- Location of Masonville, Iowa
- Coordinates: 42°28′47″N 91°35′29″W﻿ / ﻿42.47972°N 91.59139°W
- Country: United States
- State: Iowa
- County: Delaware
- Incorporated: June 28, 1901

Area
- • Total: 0.33 sq mi (0.85 km^{2})
- • Land: 0.33 sq mi (0.85 km^{2})
- • Water: 0 sq mi (0.00 km^{2})
- Elevation: 1,017 ft (310 m)

Population (2020)
- • Total: 99
- • Density: 302.7/sq mi (116.88/km^{2})
- Time zone: UTC-6 (Central (CST))
- • Summer (DST): UTC-5 (CDT)
- ZIP code: 50654
- Area code: 563
- FIPS code: 19-50205
- GNIS feature ID: 2395041

= Masonville, Iowa =

Masonville is a city in Delaware County, Iowa, United States. The population was 99 at the time of the 2020 census. The city is located on the western border between Delaware and Buchanan counties.

==History==
Masonville was laid out in 1858. It was named for businessman R. B. Mason.

==Geography==

According to the United States Census Bureau, the city has a total area of 0.33 sqmi, all land.

==Demographics==

===2020 census===
As of the census of 2020, there were 99 people, 47 households, and 33 families residing in the city. The population density was 302.7 inhabitants per square mile (116.9/km^{2}). There were 51 housing units at an average density of 155.9 per square mile (60.2/km^{2}). The racial makeup of the city was 100.0% White, 0.0% Black or African American, 0.0% Native American, 0.0% Asian, 0.0% Pacific Islander, 0.0% from other races and 0.0% from two or more races. Hispanic or Latino persons of any race comprised 1.0% of the population.

Of the 47 households, 27.7% of which had children under the age of 18 living with them, 53.2% were married couples living together, 8.5% were cohabitating couples, 12.8% had a female householder with no spouse or partner present and 25.5% had a male householder with no spouse or partner present. 29.8% of all households were non-families. 27.7% of all households were made up of individuals, 6.4% had someone living alone who was 65 years old or older.

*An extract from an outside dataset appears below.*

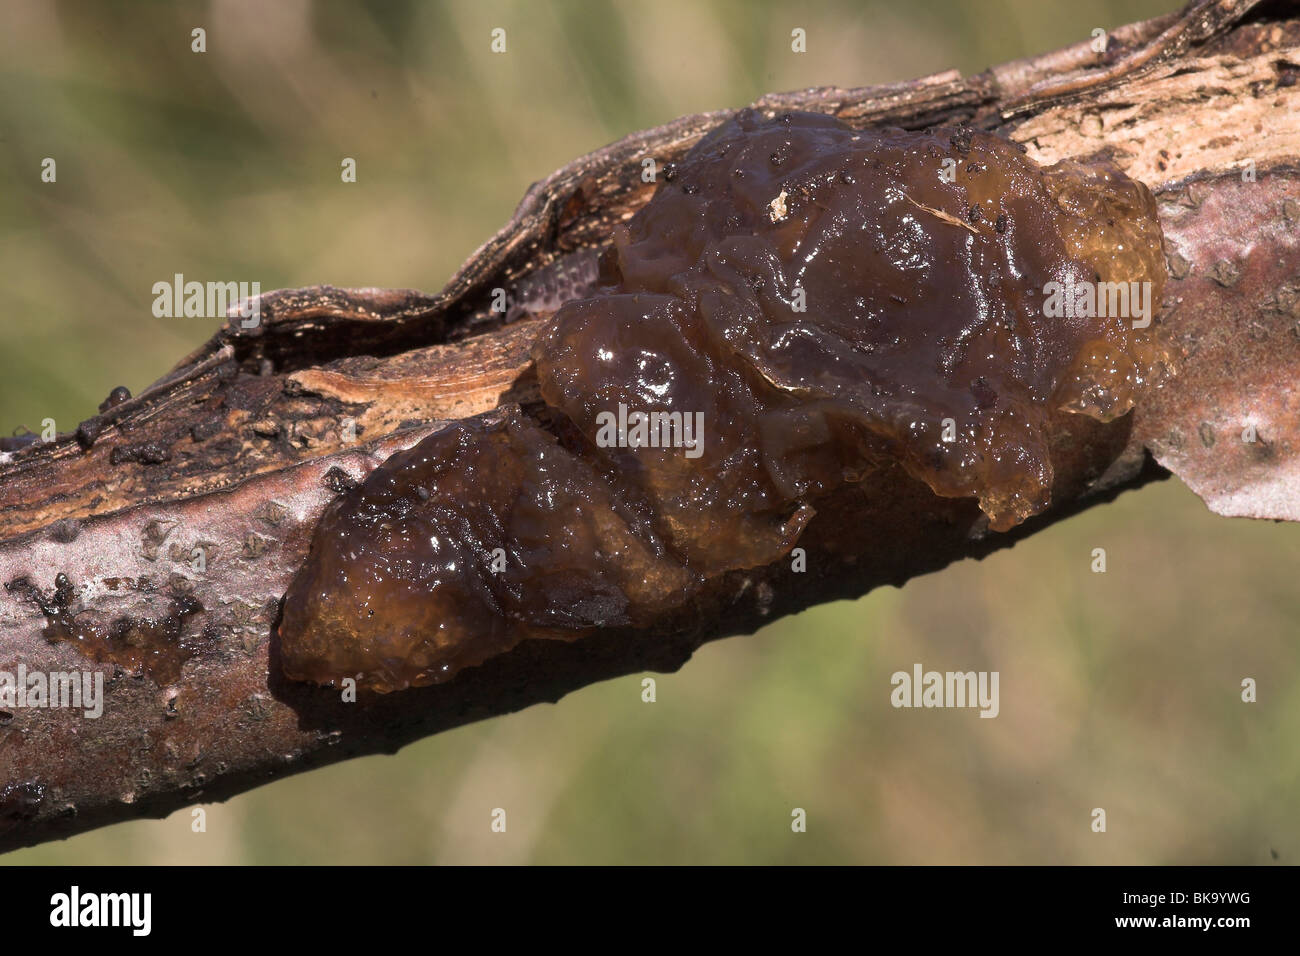 Black Jelly on branch with green background Stock Photo

The median age in the city was 45.1 years. 24.2% of the residents were under the age of 20; 4.0% were between the ages of 20 and 24; 21.2% were from 25 and 44; 27.3% were from 45 and 64; and 23.2% were 65 years of age or older. The gender makeup of the city was 49.5% male and 50.5% female.

===2010 census===
As of the census of 2010, there were 127 people, 55 households, and 36 families living in the city. The population density was 384.8 PD/sqmi. There were 57 housing units at an average density of 172.7 /sqmi. The racial makeup of the city was 96.9% White and 3.1% from two or more races. Hispanic or Latino of any race were 0.8% of the population.

There were 55 households, of which 25.5% had children under the age of 18 living with them, 52.7% were married couples living together, 9.1% had a female householder with no husband present, 3.6% had a male householder with no wife present, and 34.5% were non-families. 27.3% of all households were made up of individuals, and 3.6% had someone living alone who was 65 years of age or older. The average household size was 2.31 and the average family size was 2.83.

The median age in the city was 40.5 years. 24.4% of residents were under the age of 18; 4.7% were between the ages of 18 and 24; 26% were from 25 to 44; 32.3% were from 45 to 64; and 12.6% were 65 years of age or older. The gender makeup of the city was 46.5% male and 53.5% female.

===2000 census===
As of the census of 2000, there were 104 people, 49 households, and 32 families living in the city. The population density was 315.3 PD/sqmi. There were 55 housing units at an average density of 166.8 /sqmi. The racial makeup of the city was 99.04% White, and 0.96% from two or more races. Hispanic or Latino of any race were 4.81% of the population.

There were 49 households, out of which 18.4% had children under the age of 18 living with them, 44.9% were married couples living together, 18.4% had a female householder with no husband present, and 32.7% were non-families. 26.5% of all households were made up of individuals, and 18.4% had someone living alone who was 65 years of age or older. The average household size was 2.12 and the average family size was 2.42.

In the city, the population was spread out, with 14.4% under the age of 18, 18.3% from 18 to 24, 26.0% from 25 to 44, 26.9% from 45 to 64, and 14.4% who were 65 years of age or older. The median age was 41 years. For every 100 females, there were 67.7 males. For every 100 females age 18 and over, there were 81.6 males.

The median income for a household in the city was $32,000, and the median income for a family was $40,625. Males had a median income of $30,313 versus $16,667 for females. The per capita income for the city was $20,166. There were 3.0% of families and 5.1% of the population living below the poverty line, including no under eighteens and 15.4% of those over 64.

==Education==
The West Delaware County Community School District operates local area public schools.